(Beginning of EXERCISE DATA)
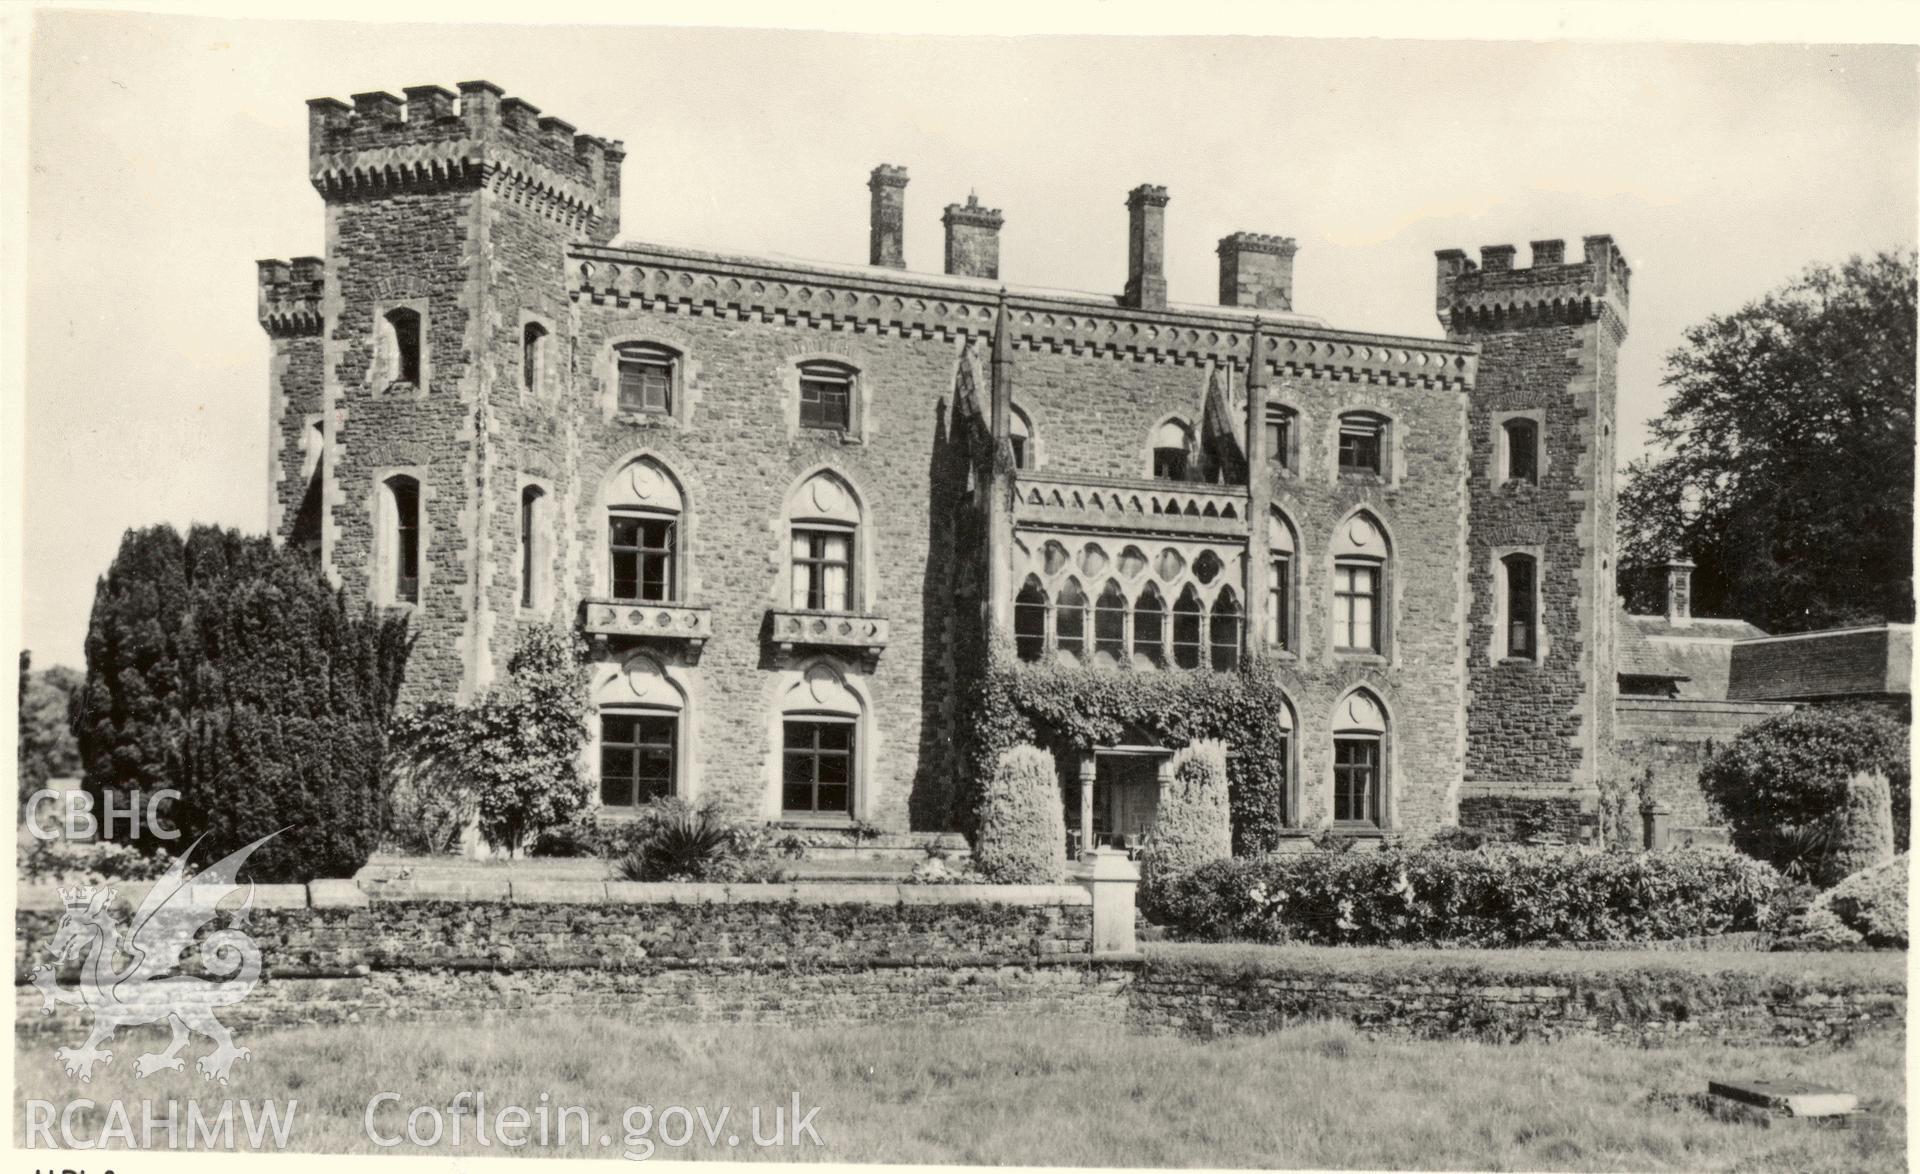 Digitised postcard image of Newton House, Llandeilo, Raphael Tuck and Sons Ltd. Produced by Parks and Gardens Data Services, from an original item in the Peter Davis Collection at Parks and Gardens UK. We hold only web-resolution images of this collection, suitable for viewing on screen and for research purposes only. We do not hold the original images, or publication quality scans.
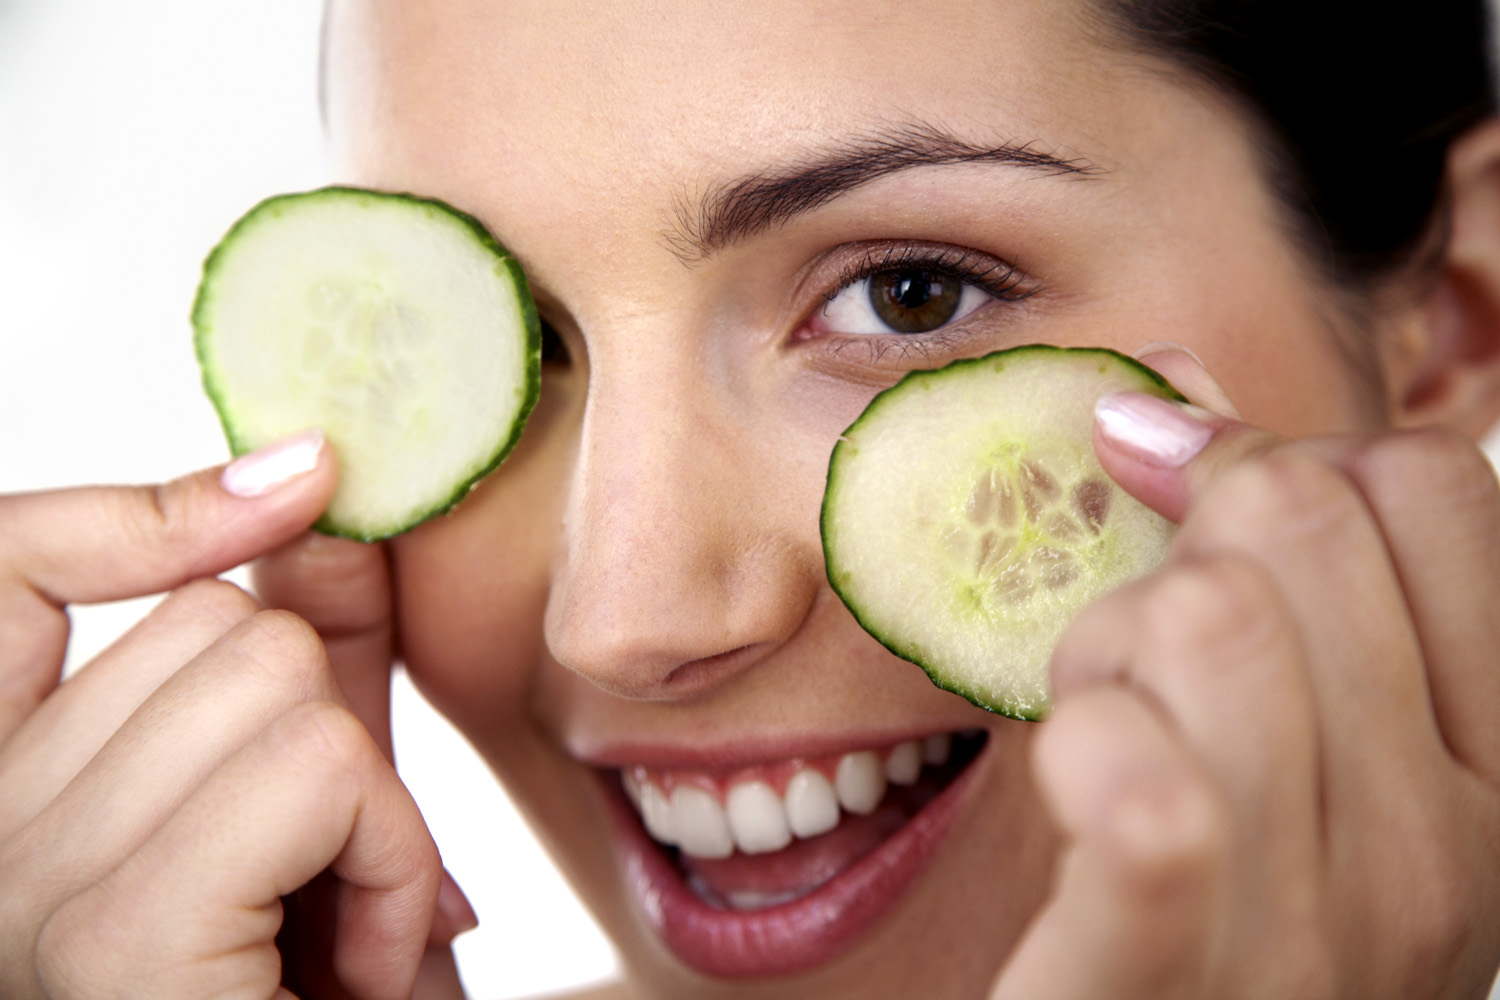 Woman Holding Cucumber Slices over Eyes
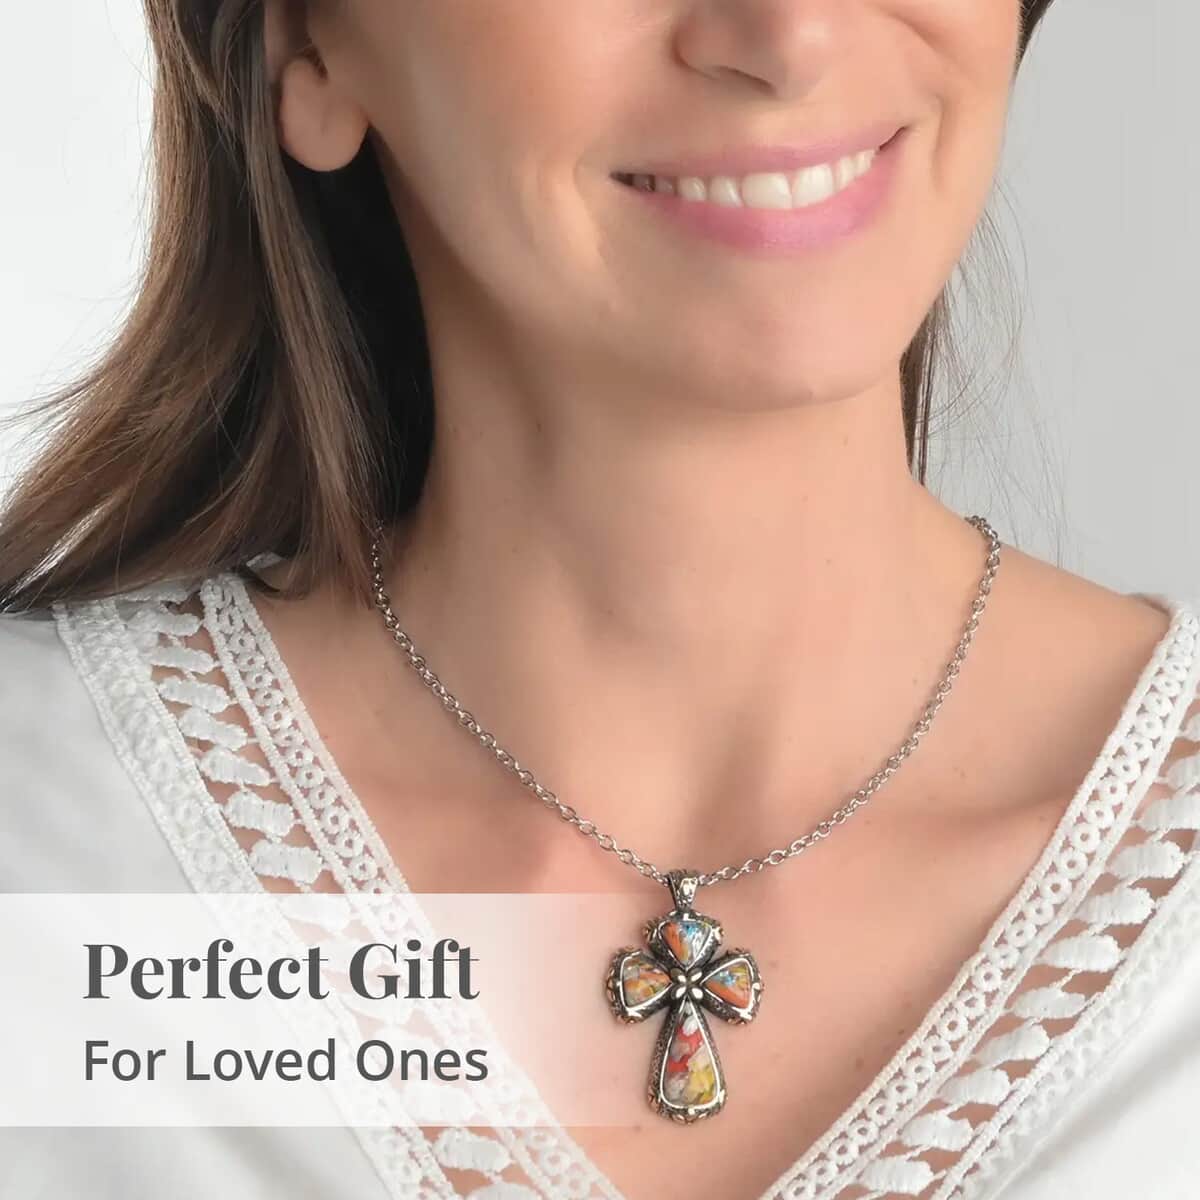 Murano Style Cross Pendant Necklace For Women in ION Plated YG Stainless Steel, Floral Millefiori Pendant Necklace, Sweatproof Hypoallergenic Necklace, Gift For Her image number 4
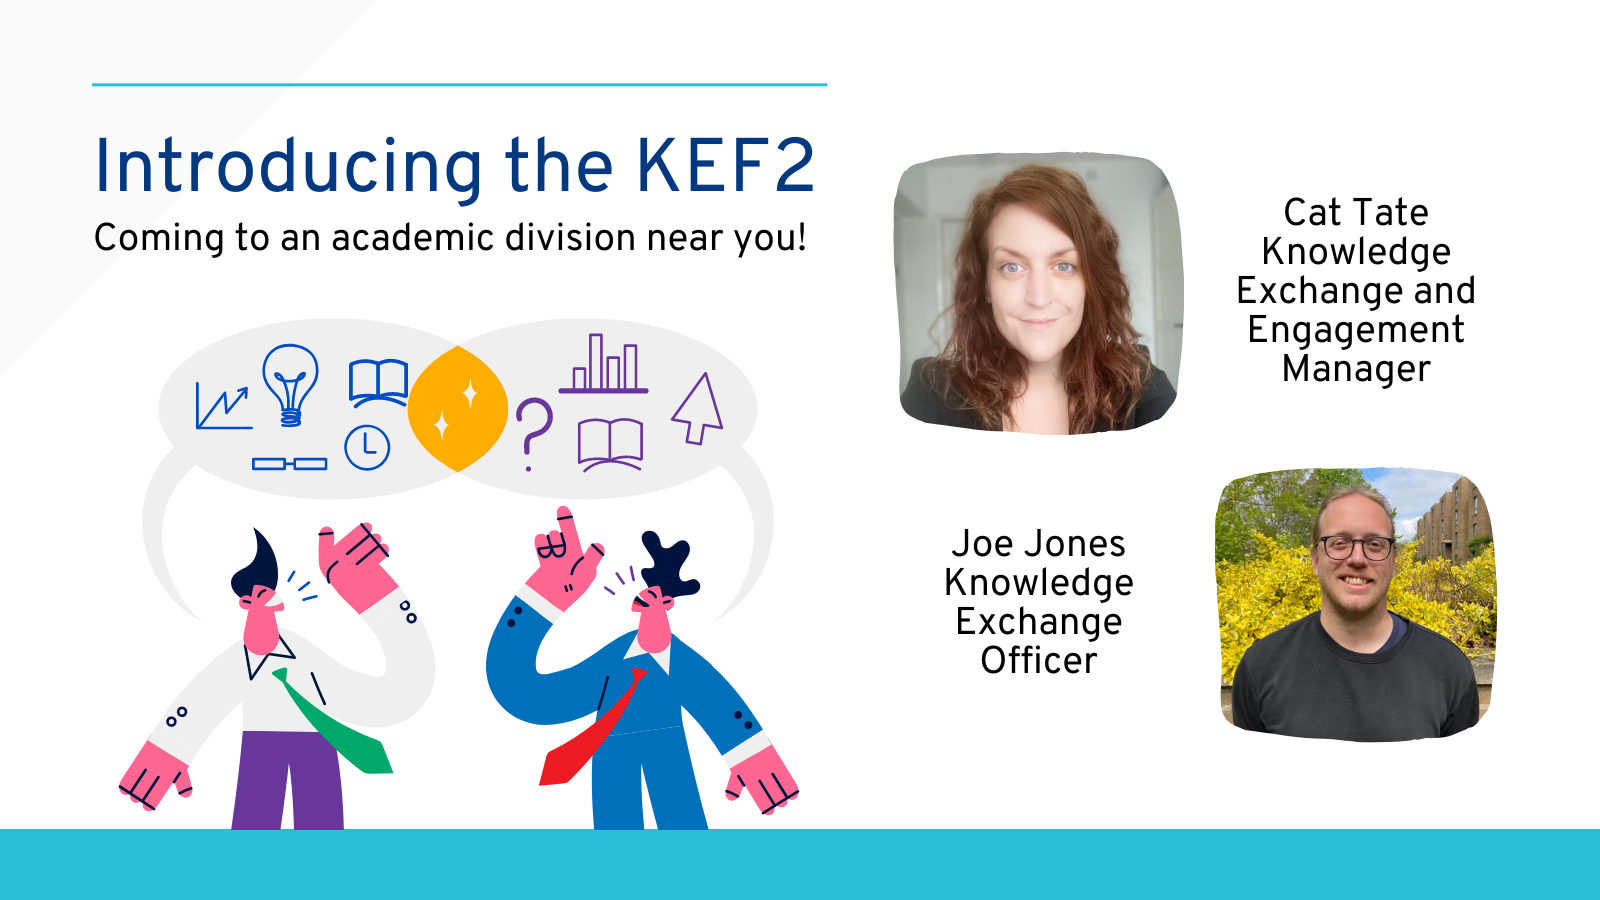 Introducing the KEF2 - coming to an academic division near you. With Cat Tate and Joe Jones
(End of EXERCISE DATA)
→ **WHAT YOU SHOULD DO**:
Without the pictures, output the full listing exactly as it stands.

→ **ANSWER TO THE EXERCISE**:
 Digitised postcard image of Newton House, Llandeilo, Raphael Tuck and Sons Ltd. Produced by Parks and Gardens Data Services, from an original item in the Peter Davis Collection at Parks and Gardens UK. We hold only web-resolution images of this collection, suitable for viewing on screen and for research purposes only. We do not hold the original images, or publication quality scans.
 Woman Holding Cucumber Slices over Eyes
 Murano Style Cross Pendant Necklace For Women in ION Plated YG Stainless Steel, Floral Millefiori Pendant Necklace, Sweatproof Hypoallergenic Necklace, Gift For Her image number 4
 Introducing the KEF2 - coming to an academic division near you. With Cat Tate and Joe Jones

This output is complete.